Integrating global pharmacovigilance (PV) governance with effective local execution is fundamental for consistent and compliant PV operations within complex, multi-country organizational models. Inconsistencies in regional regulations, local processes, and reporting timelines and limited visibility of affiliate and vendor activities often create alignment gaps in global and local PV systems, most notably during fast track transitions, PV handovers, and organisational changes.
This webinar offers a comprehensive view of global-to-local PV alignment, emphasizing the roles, responsibilities, and accountability frameworks that that enable global teams to maintain oversight while supporting consistent local execution. The session features a case study illustrating successful integration of local PV activities into global processes through strengthened governance, harmonized procedures, and compliant local systems.
Ultimately, the webinar demonstrates that clear expectations, robust governance, and sustained engagement between global and local teams are essential to ensuring traceability, accountability, and operational readiness in evolving PV frameworks.
Key Takeaways
- Bridging Global and Local PV: Understand the key expectations for effective alignment between global PV governance and local affiliate execution.
- Leverage Regulatory Intelligence: Explore the pivotal role of robust regulatory intelligence in maintaining compliance across diverse jurisdictions.
- Implement Practical Oversight: Gain actionable insights into oversight mechanisms that enhance visibility of local PV activities, including affiliates and vendors.
Why Attend This Webinar?
- Navigate Complexity with Confidence: Understand how to standardise local procedures in line with global SOPs while respecting regional regulatory requirements.
- Enhance Collaboration: Navigate strategies to foster effective two-way communication between global and local PV teams.
- Drive Compliance Through Clarity: Learn how clear roles, responsibilities, and oversight mechanisms reduce compliance gaps and enhance global-local collaboration.
- Real-World Insights: Dive into a detailed case study showcasing successful integration of local PV activities into global processes through strengthened governance and standardized procedures.
About the Speakers
Dr Kanwalpreet Kaur, MBBS
Qualified Person for Pharmacovigilance (QPPV) and Head of the Strategic Development Group
Dr Kanwalpreet Kaur is a physician by training with over 18 years of experience in clinical practice, healthcare operations, and pharmacovigilance (PV).

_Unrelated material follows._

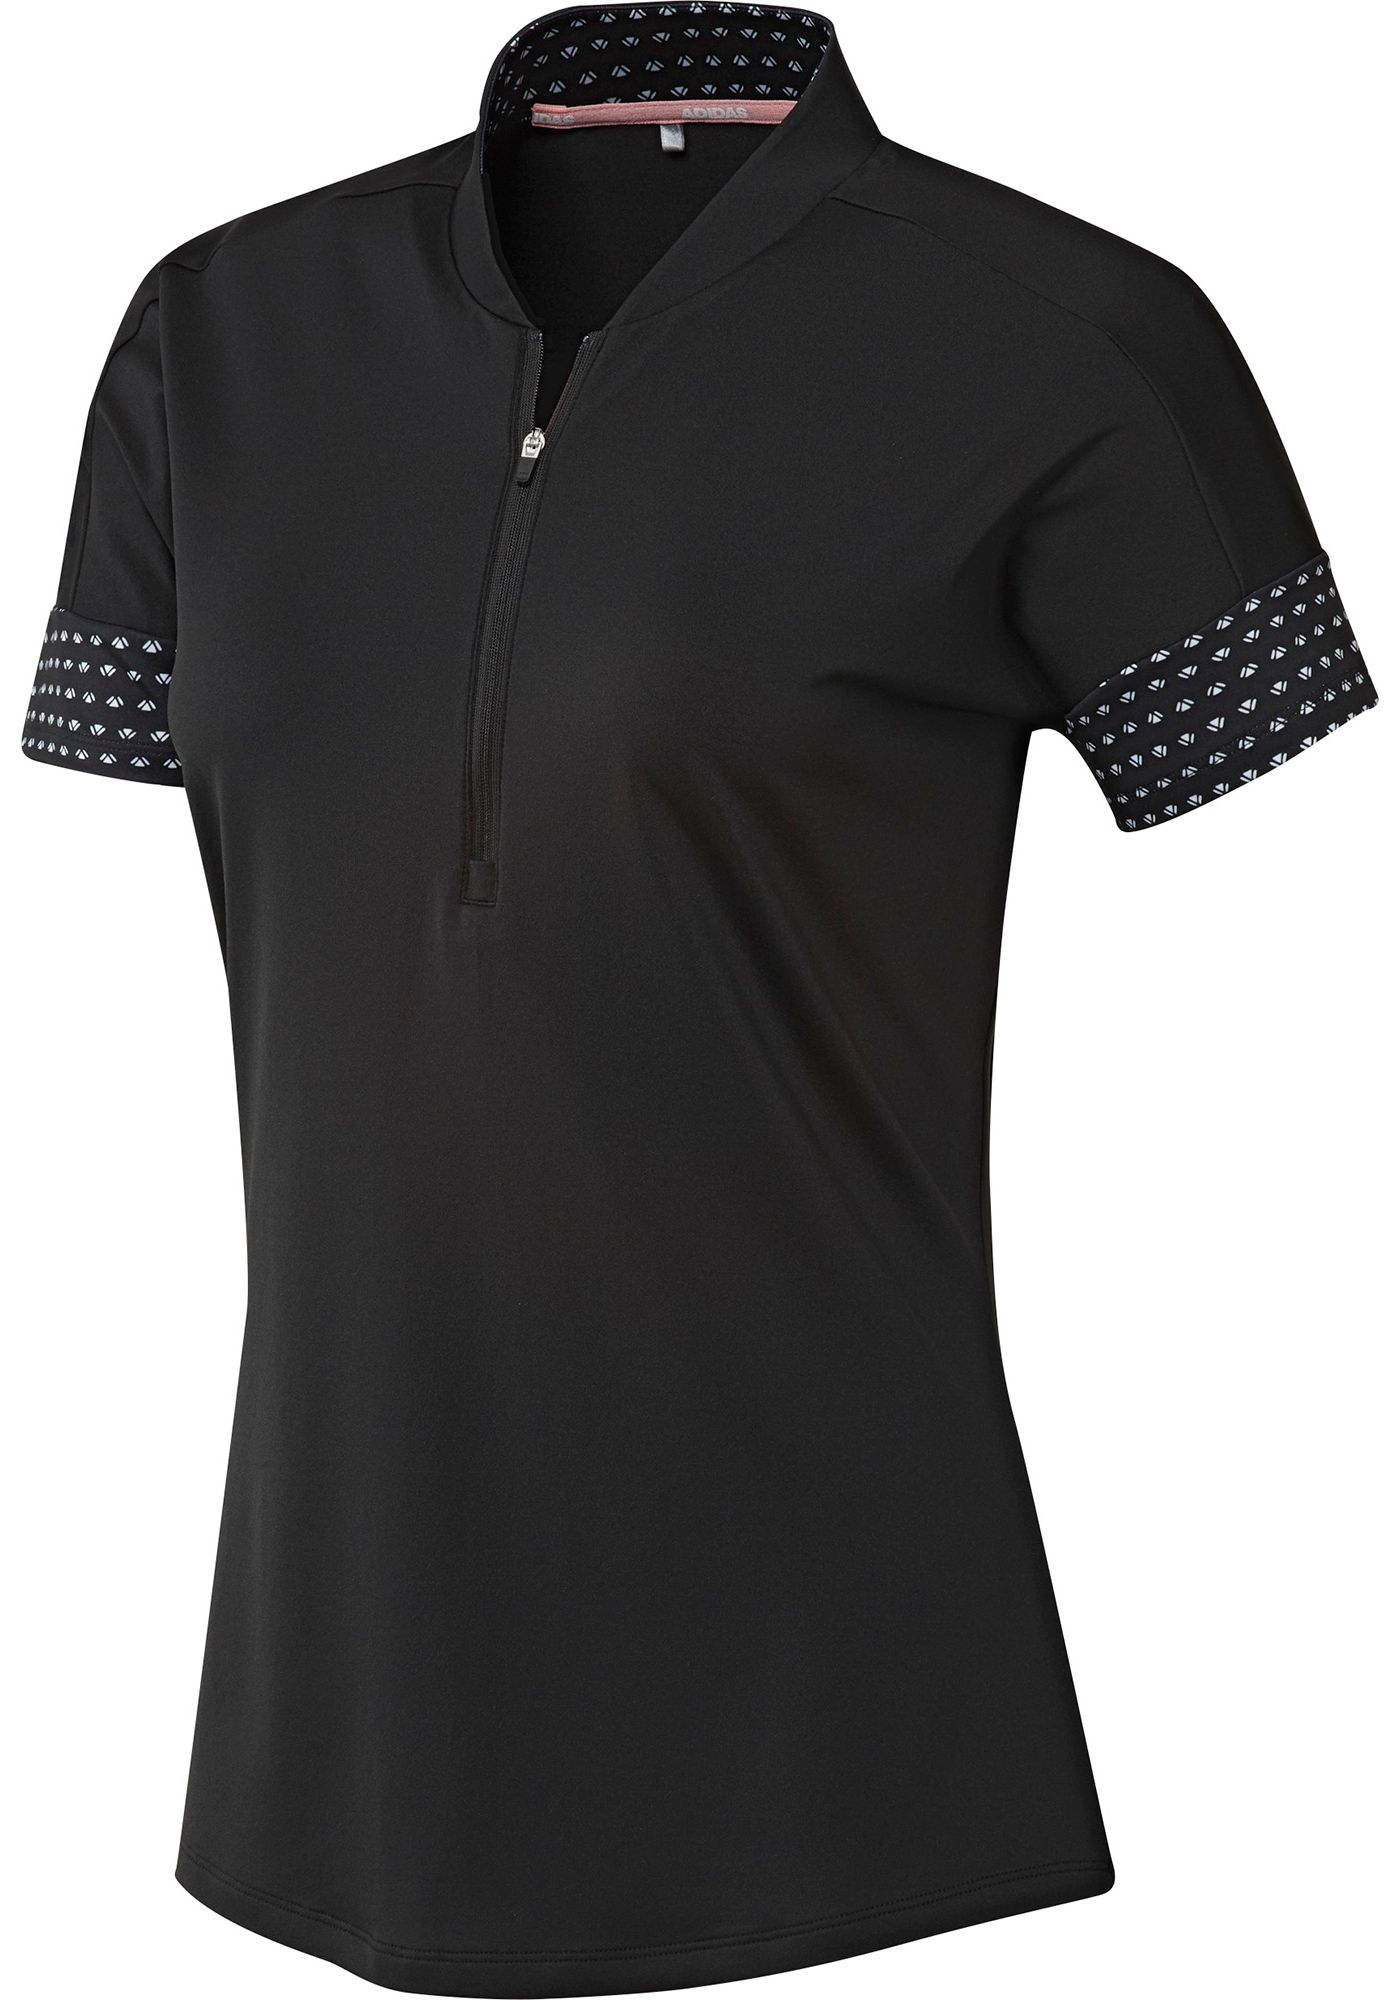 adidas Women's Ultimate365 Printed Short Sleeve Golf Polo

She brings end to end expertise in PV and clinical safety, including more than a decade of specialised experience in risk management and safety surveillance. Dr Kaur has extensive experience across a broad portfolio of medicinal products, including vaccines, biologics, medical devices, and advanced therapies, spanning multiple therapeutic areas such as cardiology, immunology, and oncology.

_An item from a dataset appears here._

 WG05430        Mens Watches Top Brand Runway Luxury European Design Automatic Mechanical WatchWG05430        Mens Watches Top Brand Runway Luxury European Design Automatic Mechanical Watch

Dr Kaur combines strong medical judgement with hands-on proficiency across a wide range of global PV systems and tools. She has played a pivotal role in regulatory inspections and audits, contributing to successful outcomes and ensuring ongoing compliance with global PV requirements. Recognised as a subject matter expert, Dr Kaur has supported global biopharmaceutical organisations through complex PV transitions, delivering optimised PV processes, strengthened inspection readiness, and effective alignment between local and global operating models.
Dr Kaur currently serves as QPPV and Head of the Strategic Development Group at APCER Life Sciences. In this role, she provides strategic medical and scientific leadership and oversees business continuity planning and regulatory intelligence, ensuring proactive monitoring and interpretation of evolving global PV regulations. Dr Kaur is also actively engaged in organisational learning and strengthening capabilities while driving innovation across PV and clinical safety functions.
Binoy Sharma
Vice President, Pharmacovigilance
Binoy Sharma is a seasoned Pharmacovigilance leader with over 18 years of experience across pharmaceutical companies and CROs, with deep expertise spanning the full spectrum of PV domains. Currently serving as Vice President – Pharmacovigilance, he drives both strategic vision and operational excellence in global drug safety, leading initiatives in regulatory compliance and the adoption of innovative technologies.
He works with pharmaceutical organizations to address complex operational challenges across all pharmacovigilance verticals and brings extensive experience in managing major safety databases and systems. Binoy has successfully led large, cross-functional teams and managed complex integrations of QPPV and Local QPPV frameworks, ensuring robust governance and seamless regulatory alignment across regions.
His expertise encompasses end-to-end pharmacovigilance systems, including leading audits and regulatory inspections. Binoy consistently delivers scalable, high-quality safety solutions that strengthen compliance and enhance patient safety outcomes.